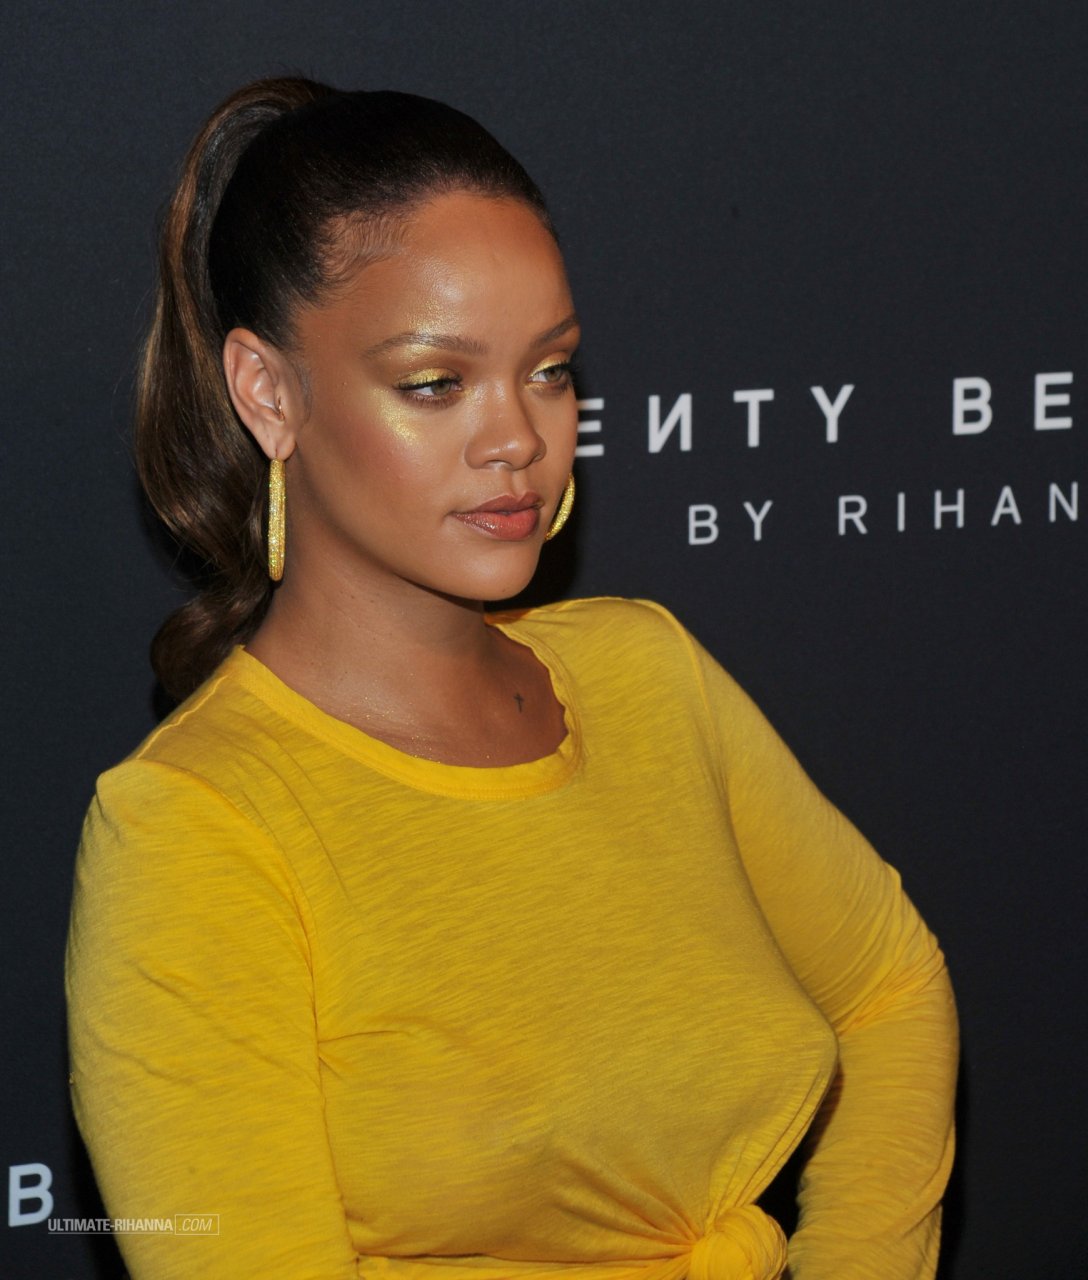 Rihanna Transparente Fotos Video Actualizado Celebridad Desnuda
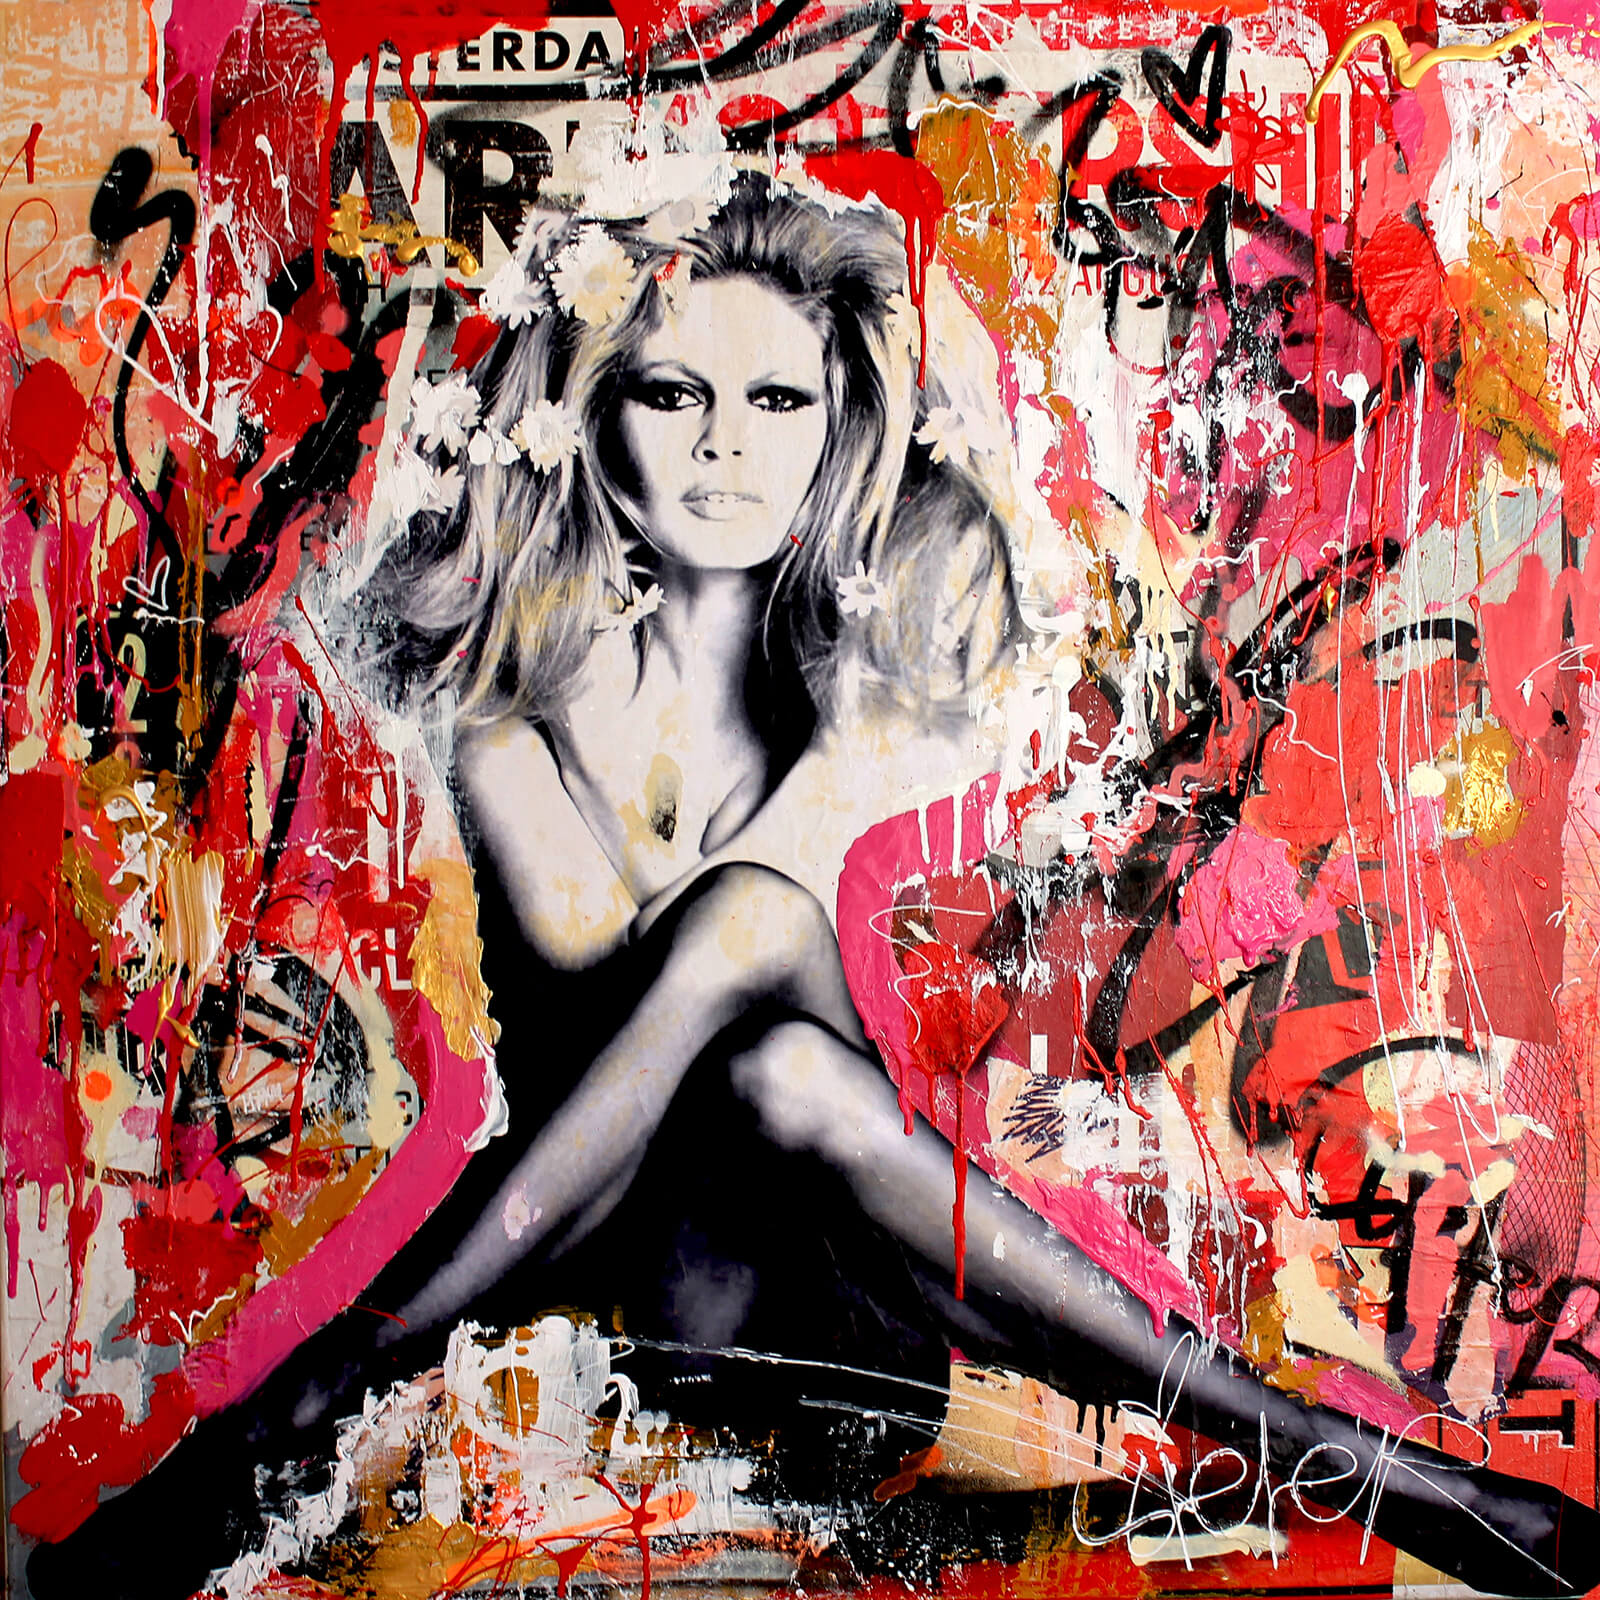 Motiv Brigitte Bardot XXL110x144,7 cm Arcylglas 5 mm PopArt/Poster/StreetArt
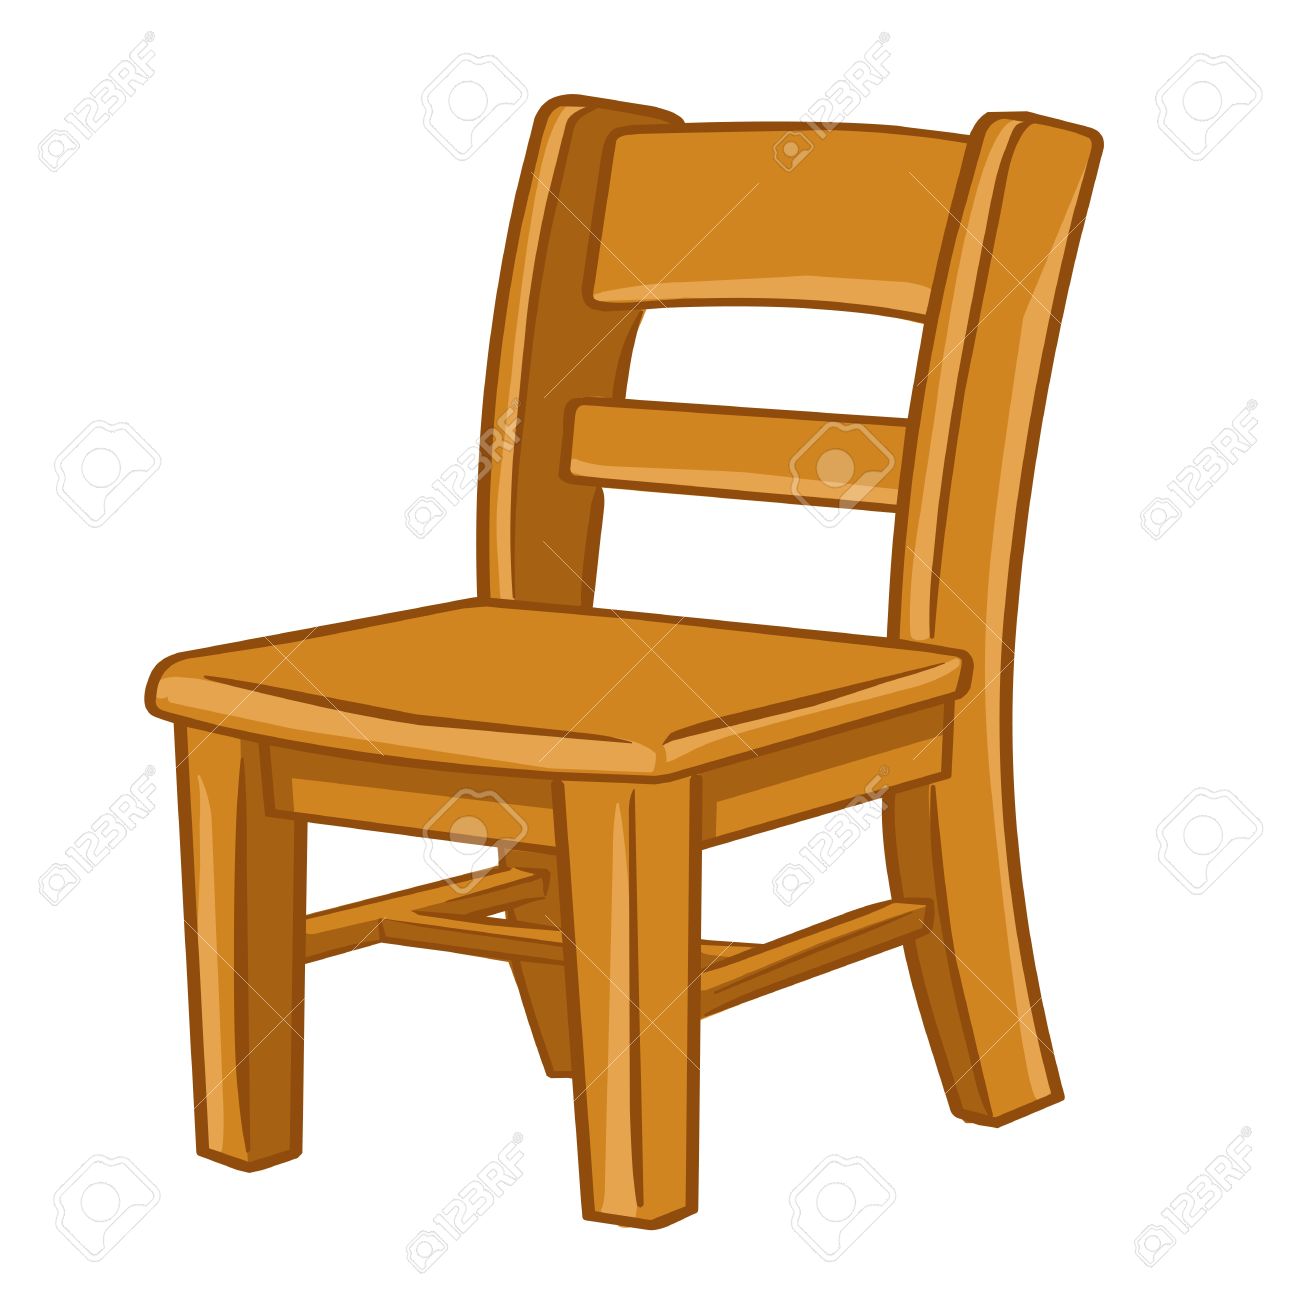 chair clipart wood chair

────────────────────────────────────────

Exactly as written, restate the listing above with its pictures omitted.

Completed exercise:
 Rihanna Transparente Fotos Video Actualizado Celebridad Desnuda
 Motiv Brigitte Bardot XXL110x144,7 cm Arcylglas 5 mm PopArt/Poster/StreetArt
 chair clipart wood chair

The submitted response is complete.